**Action item:** Output all of the data exactly, keeping any images out of the copy.

**Stored data:**

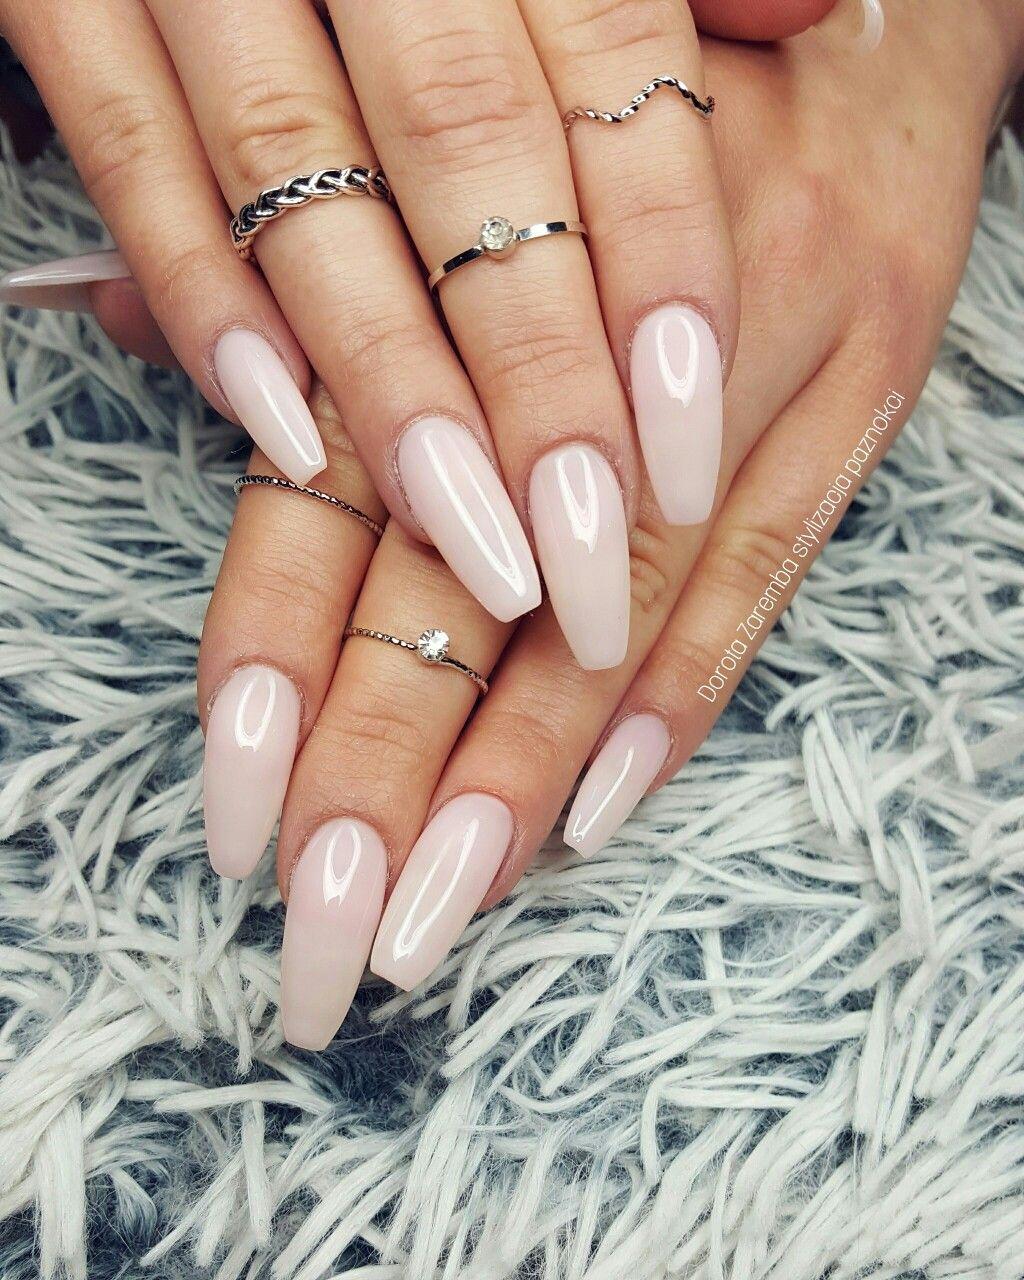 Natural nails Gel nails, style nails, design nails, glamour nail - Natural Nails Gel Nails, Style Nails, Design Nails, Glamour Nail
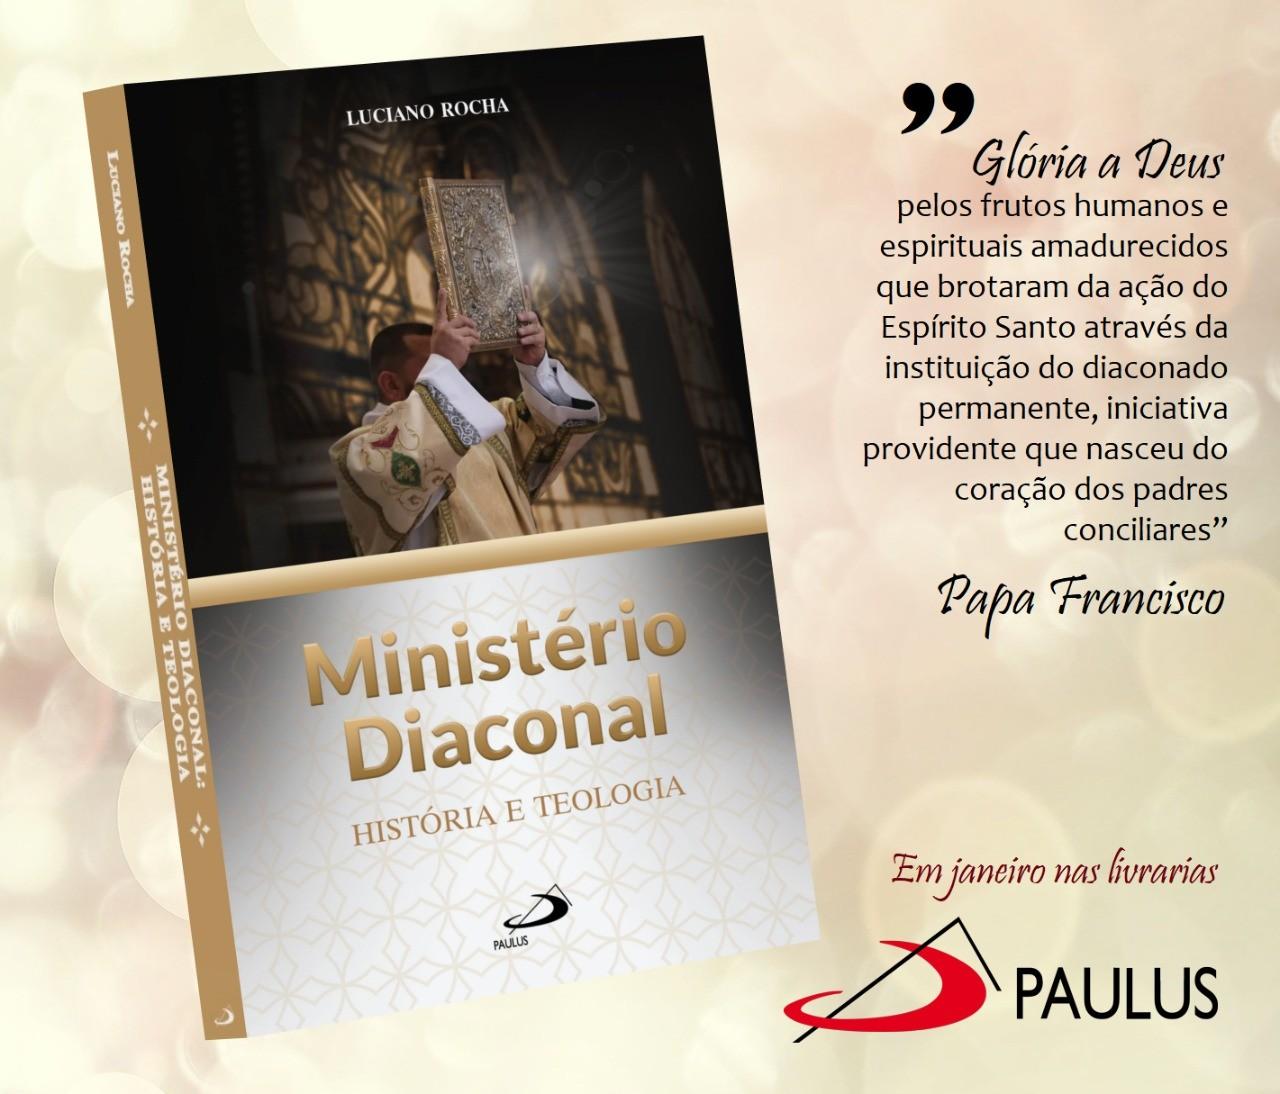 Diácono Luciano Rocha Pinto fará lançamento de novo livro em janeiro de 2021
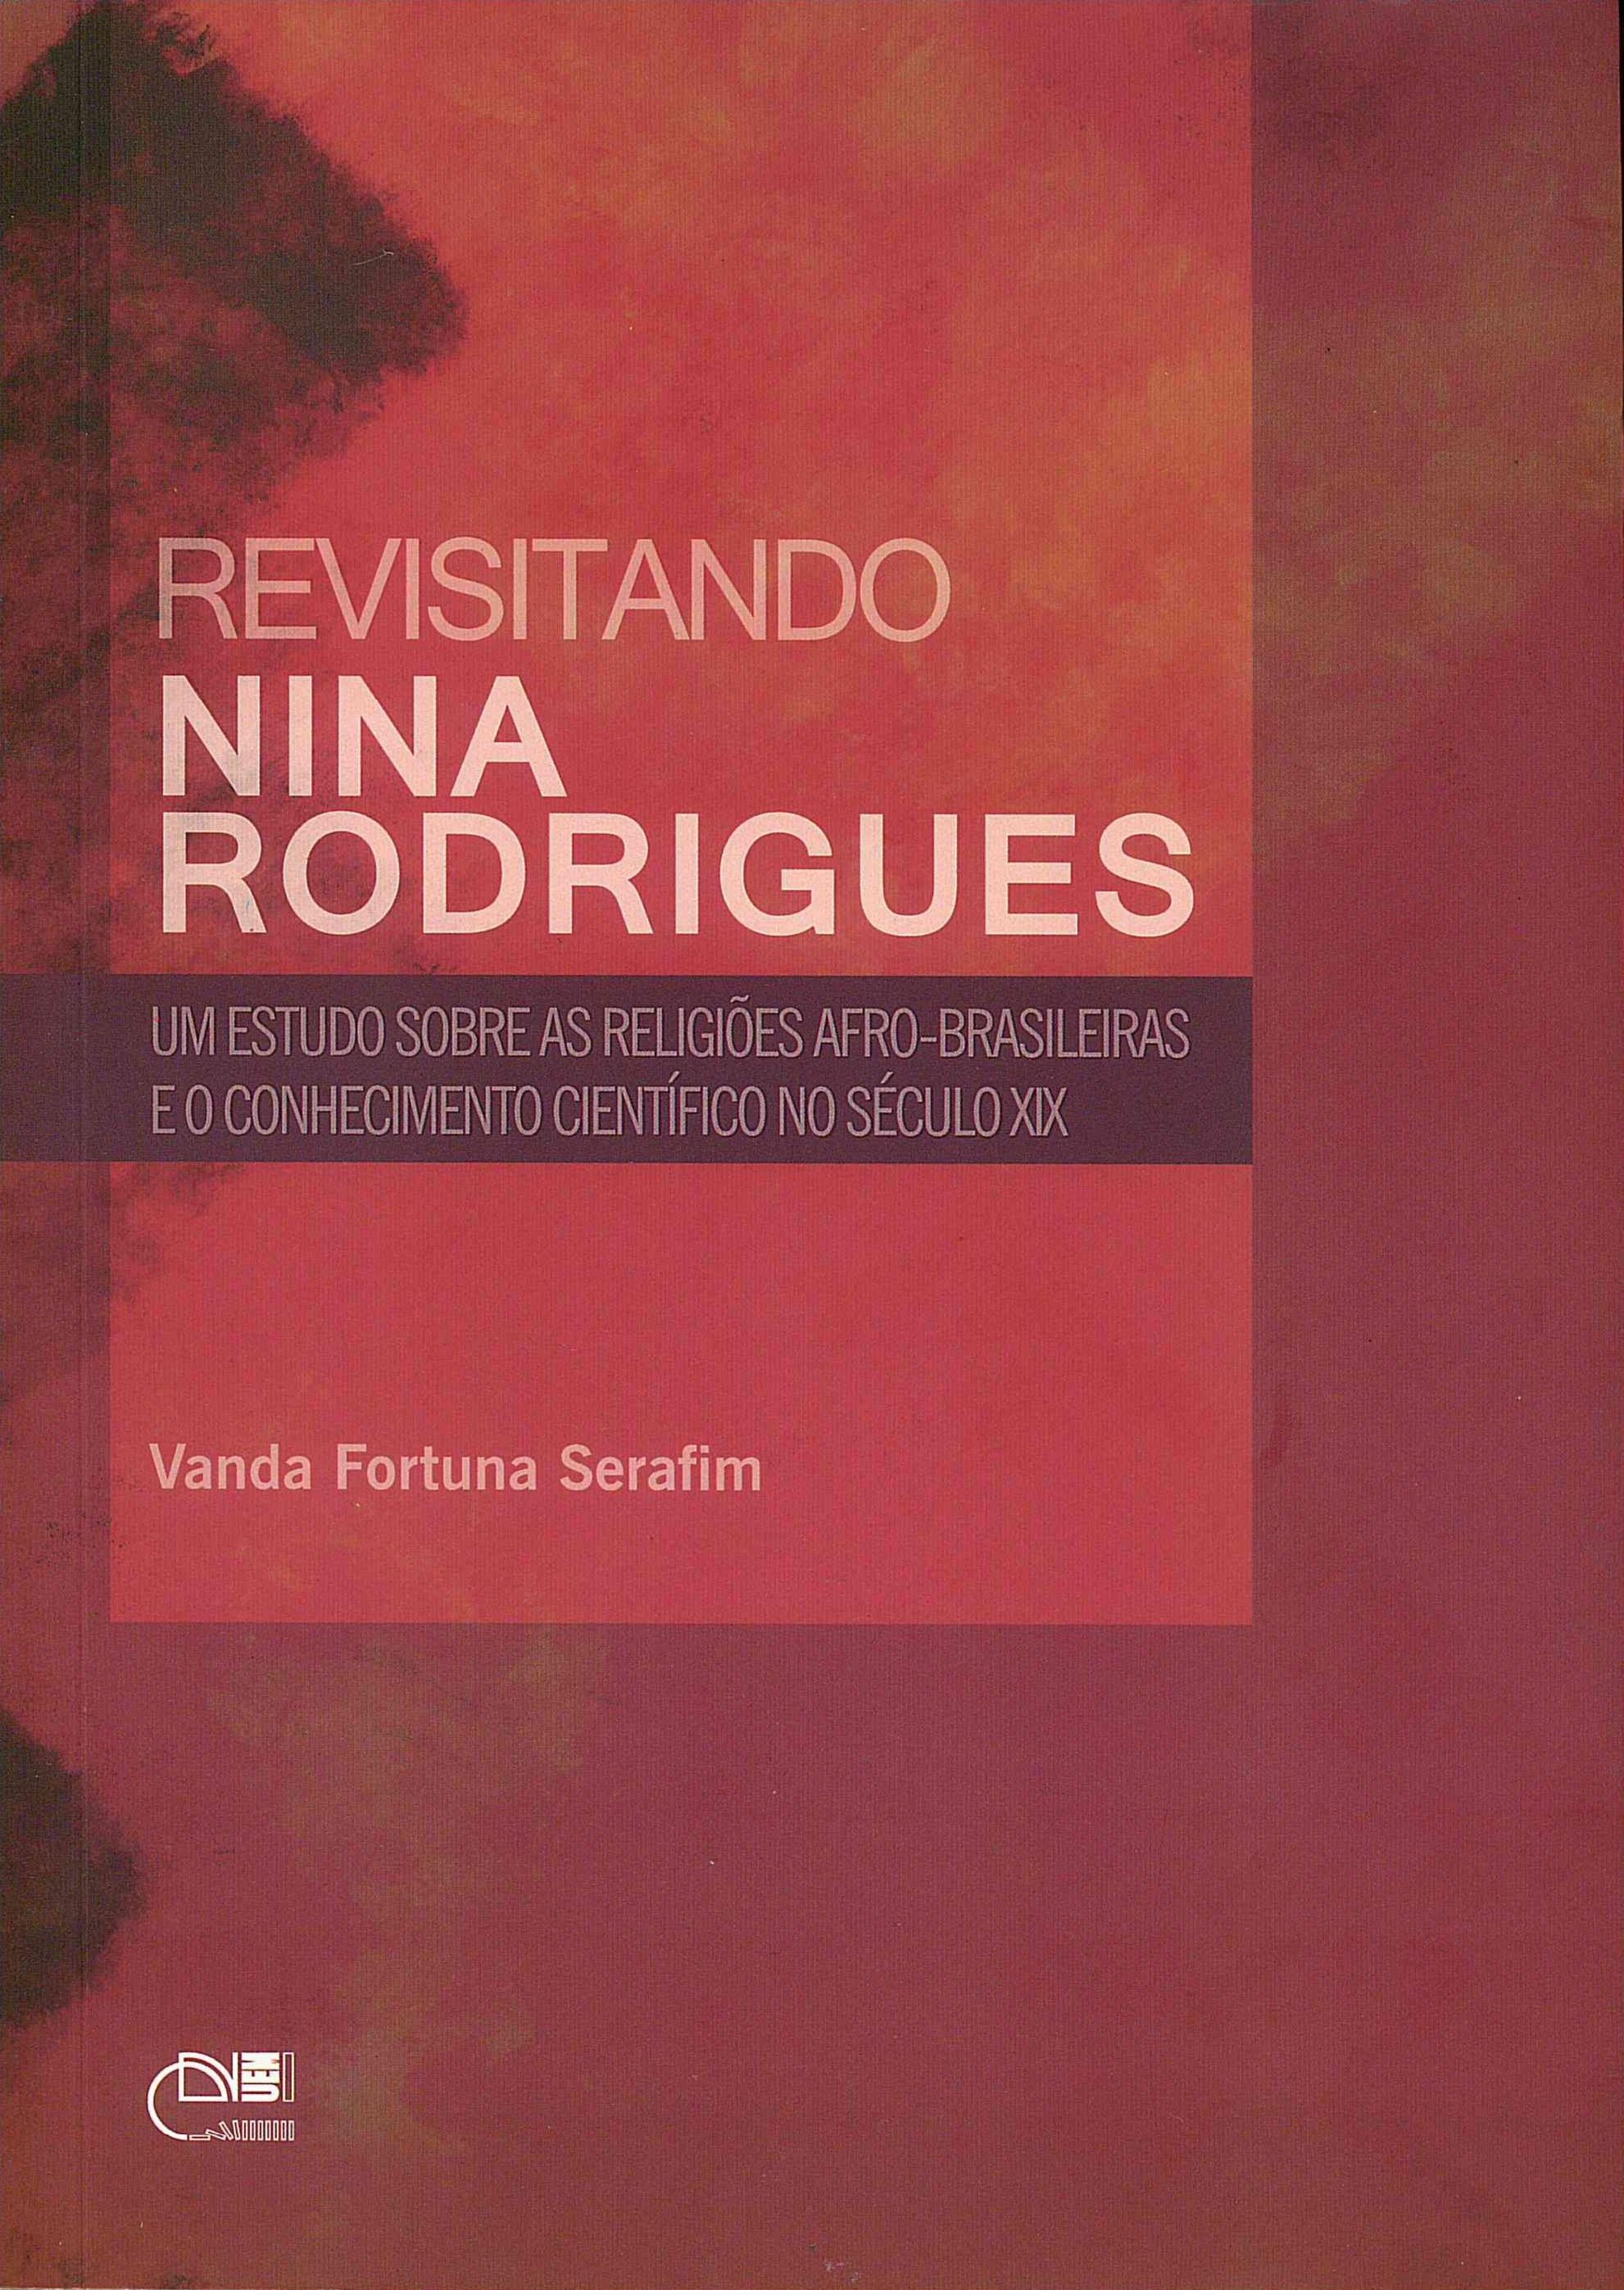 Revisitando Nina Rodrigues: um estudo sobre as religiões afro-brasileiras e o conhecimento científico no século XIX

**Response area:**
 Natural nails Gel nails, style nails, design nails, glamour nail - Natural Nails Gel Nails, Style Nails, Design Nails, Glamour Nail
 Diácono Luciano Rocha Pinto fará lançamento de novo livro em janeiro de 2021
 Revisitando Nina Rodrigues: um estudo sobre as religiões afro-brasileiras e o conhecimento científico no século XIX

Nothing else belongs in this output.